一貫性があるUIは、ユーザーに快適性や親しみやすさを与えることができます。
2 ヘビーユーザーがショートカットを使用できるようにする
Enable frequent users to use shortcuts
より速くタスクを完了する方法を提供すること。
経験を積んだユーザーはより迅速かつ効率的に操作することを望みます。
3 有益なフィードバックを提供する
Offer Informative Feedback
ユーザの行動に対して、分かりやすく適切なフィードバックを短時間で表示すること。
(例)ローディング画面やプログレスバーを表示する。ウィザード形式で残作業を可視化するなど。
4 完了を伝えるダイアログを設計する
Design Dialog to Yield Closure
作業を完了した際には、その操作がどのような結果をもたらしたかをユーザに示すこと。
ユーザーが作業を完了した際に、情報をフィードバックすれば、ユーザーは達成感や安堵感を得られます。
5 簡単なエラー処理を提供する
Offer Simple Error Handling
何が問題なのか、どうしたら解決できるのかをすぐに理解できるエラー内容を表示すること。
ユーザーが素早く簡単に問題を解決できるように、直感的でわかりやすい指示を表示します。
6 簡単にやり直しできるようにする
Permit easy reversal of actions
"取り消し(undo)"と"やり直し(redo)"を提供すること。
エラーの取り消しができると知らせることで、ユーザーの不安を解消します。
7 内部統制をサポートする
Support Internal Locus of Control
システム内部の動きや状況をユーザが判るようにすること。
システム都合で強要する操作を減らし、ユーザーが主導権を持って選択、操作できるようにします。
8 短期記憶の負担を減らす
Reduce Short-Term Memory Load
人間の短期記憶には限度があるので、表示は簡潔にすること。 選択肢を提示して操作を要求するなど、ユーザに記憶を強要しない設計にします。


デザインの敗北

デザインの敗北とは

デザインの敗北とは、ユーザーに誤解や混乱を与えて、本来の目的を果たせていないデザインのことです。
特に、ビジュアルは美しく構成されているにもかかわらず、ユーザーの利便性に欠けるデザインを揶揄する場合に用いる言葉です。

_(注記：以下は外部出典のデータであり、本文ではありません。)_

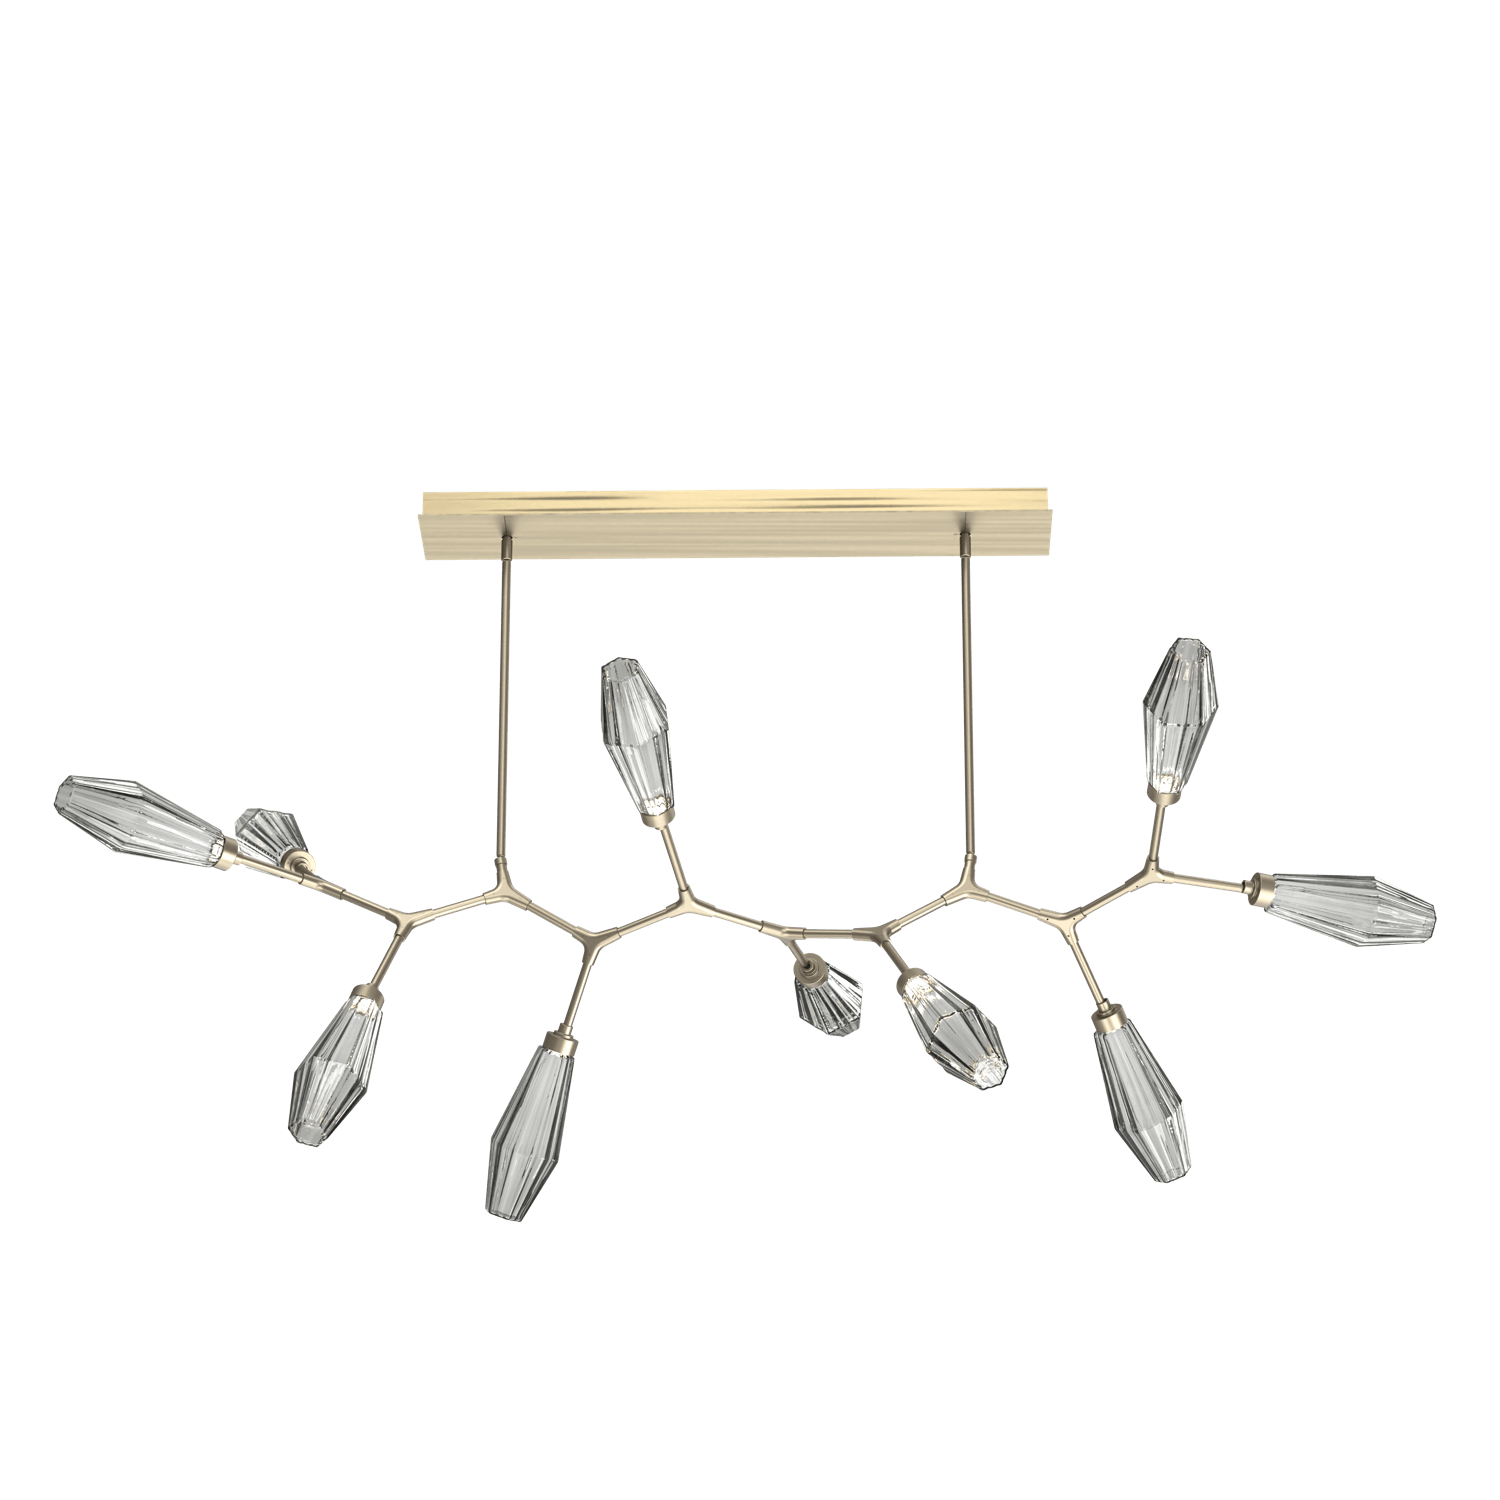 PLB0049-BC-HB-RS-Hammerton-Studio-Aalto-10-light-modern-branch-chandelier-with-heritage-brass-finish-and-optic-ribbed-smoke-glass-shades-and-LED-lamping

敗北決定の基準は、施設の管理者などが目的を正しく伝えるためにデザイン性をぶちこわすような「付記」をした場合となります。
例えば、プラカードを置いている公共物やテプラまみれになっているコーヒーメーカーなどは、敗北しているデザインと見なします。



デザインを学ぶための名著・参考資料について

誰のためのデザイン?(新曜社)

『誰のためのデザイン?』は人間中心設計のアプローチを提唱した認知科学者「ドナルド・A・ノーマン」氏の著書です。
デザイナーの必読書と言われており、人と機械が共生するための条件を深く考察した名著と評価されています。


デザインのデザイン(岩波書店)

『デザインのデザイン』は武蔵野美術大学で教授をされている「原 研哉」氏が2003年に出版した著書です。
デザイン関係者からは必読書と言われており、デザインとは何か?という問題を考えさせられる名著と評価されています。